High-voltage switching device according to one of claims 4 or 5, characterized in that the guide track path (33) has an elevation, which causes a movement of the first load contact element (35) radially outward before reaching the closed position of the first load contact element (35).
High-voltage switching device according to Claim 3, characterized in that the means (18, 19) for radially displacing the second isolating contact element (12a) on the disc (3) and on the second isolating contact element (12a) arranged permanent magnets (18, 19), which with Poles of the same name are aimed at each other.

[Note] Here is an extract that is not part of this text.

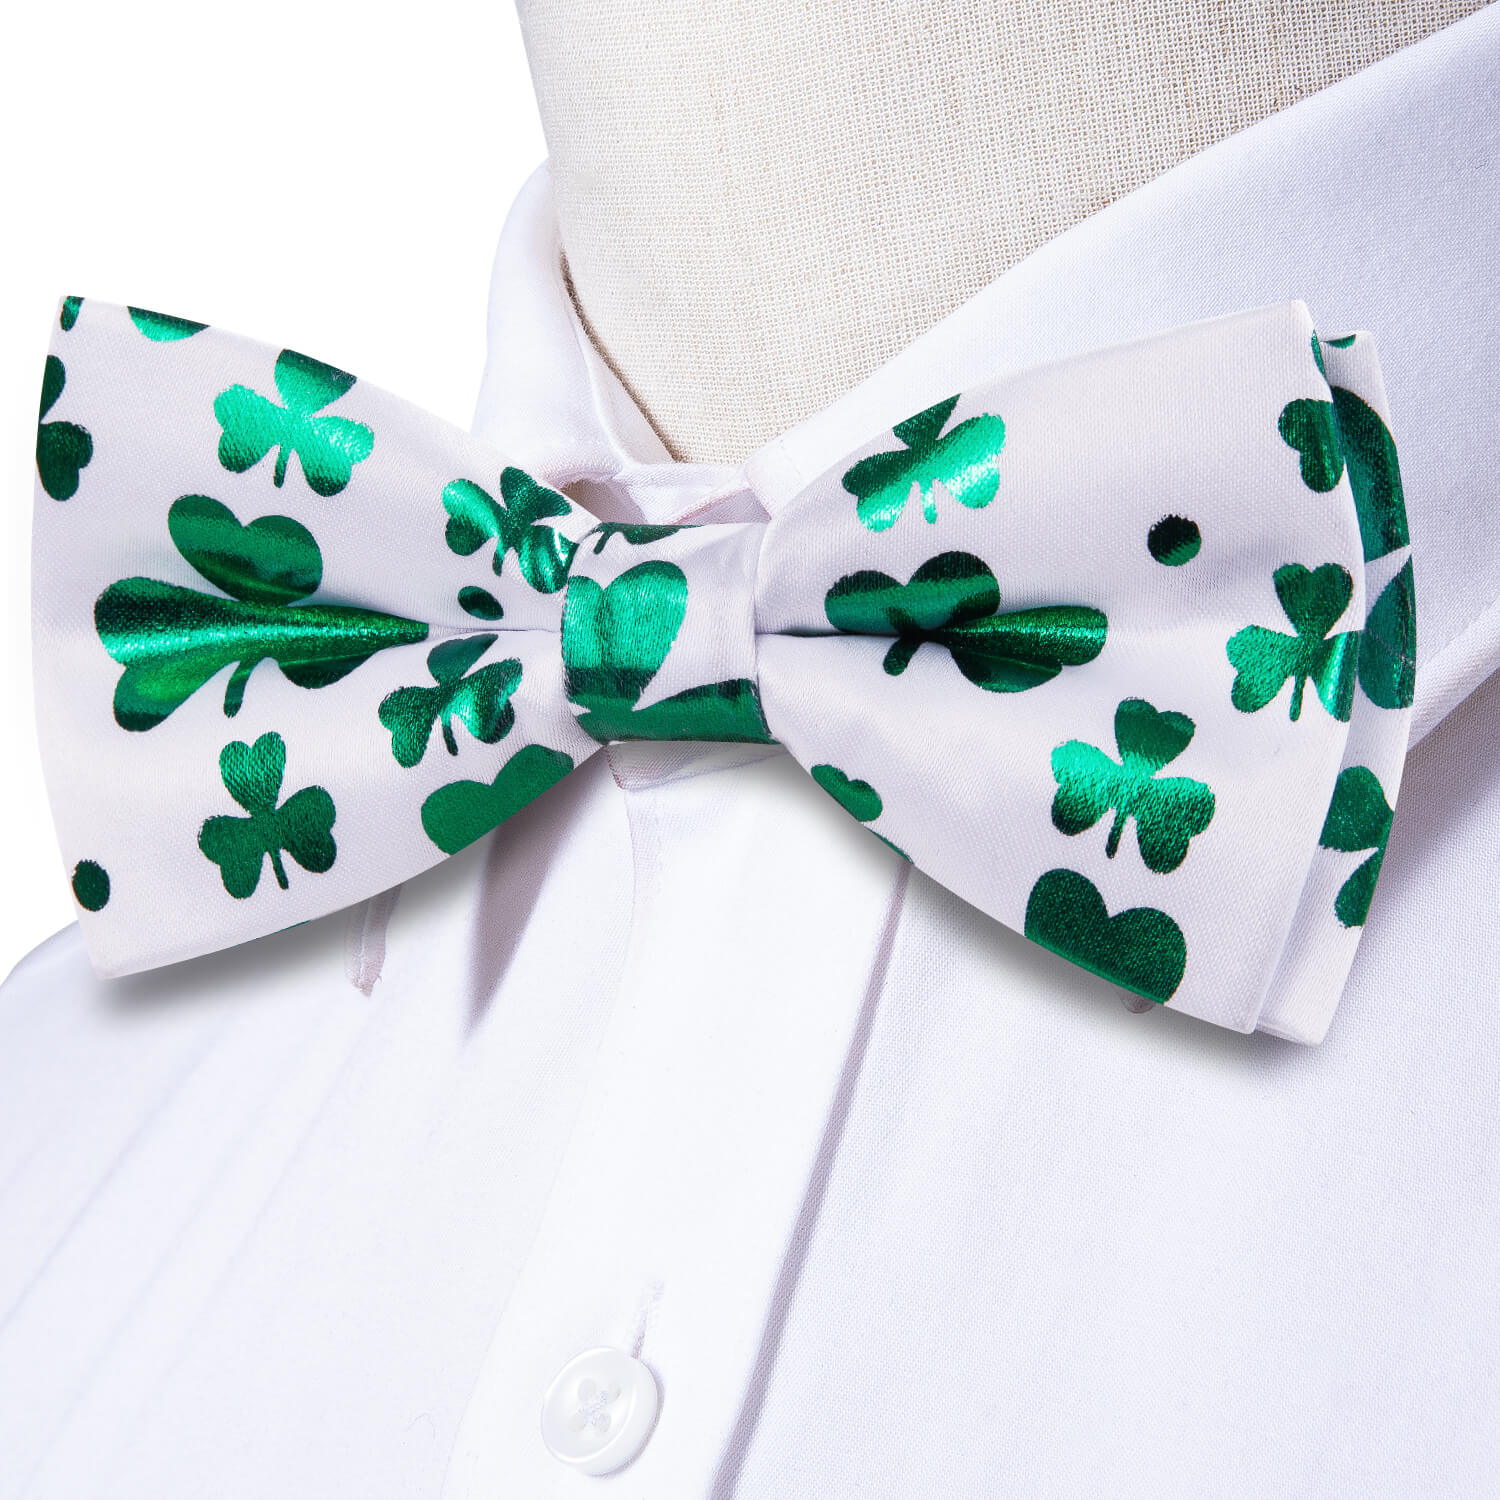 Hi-Tie White Green Clover Pre-Tied Bow Tie Handkerchief Cufflink Set

High-voltage switching device according to one of the preceding claims, characterized in that the first load contact element (13; 35) is acted upon by a restoring force in an open position in which it is electrically isolated from the second load contact element (15).
High-voltage switching device according to Claim 8, characterized in that it has latching means (39) which hold the first load contact element (35) in a position closing the load switching element (32) against the restoring force, and in that means (41) on the first disconnect contact element (23) ) are arranged for releasing the latching means (39) in a switching position in which the first load contact element (35) is in electrical contact with the second load contact element.

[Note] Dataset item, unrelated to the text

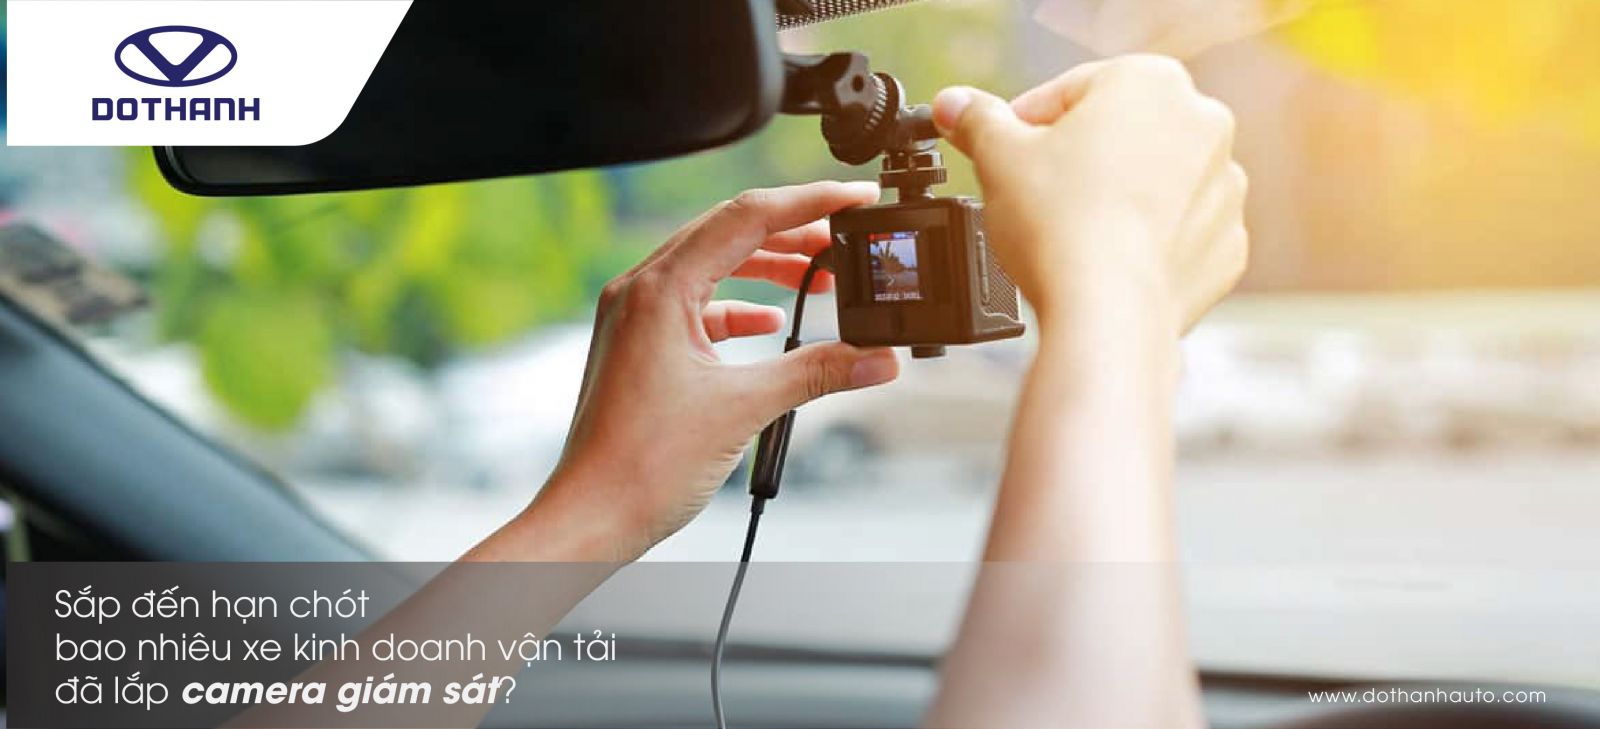 Sắp đến hạn chót, bao nhiêu xe kinh doanh vận tải đã lắp camera giám sát?

High voltage switching device according to one of the preceding claims, characterized in that it comprises three terminals, namely a terminal (9; 24) to a busbar, a terminal (11; 25) to an outgoing line branch and a grounding terminal (10; 26) Load switching element (14; 32) is arranged on the connection (11; 25) to the outgoing line branch and wherein via the separating switching element (5, 12, 12a; 27, 29, 31) and the load switching element (14; 32) of the outgoing line branch optionally electrically connected to the busbar, electrically connected to the ground or can be disconnected from all electrical connections.
High-voltage switching device according to claim 1, characterized in that the load switching element (14; 32) is a vacuum interrupter.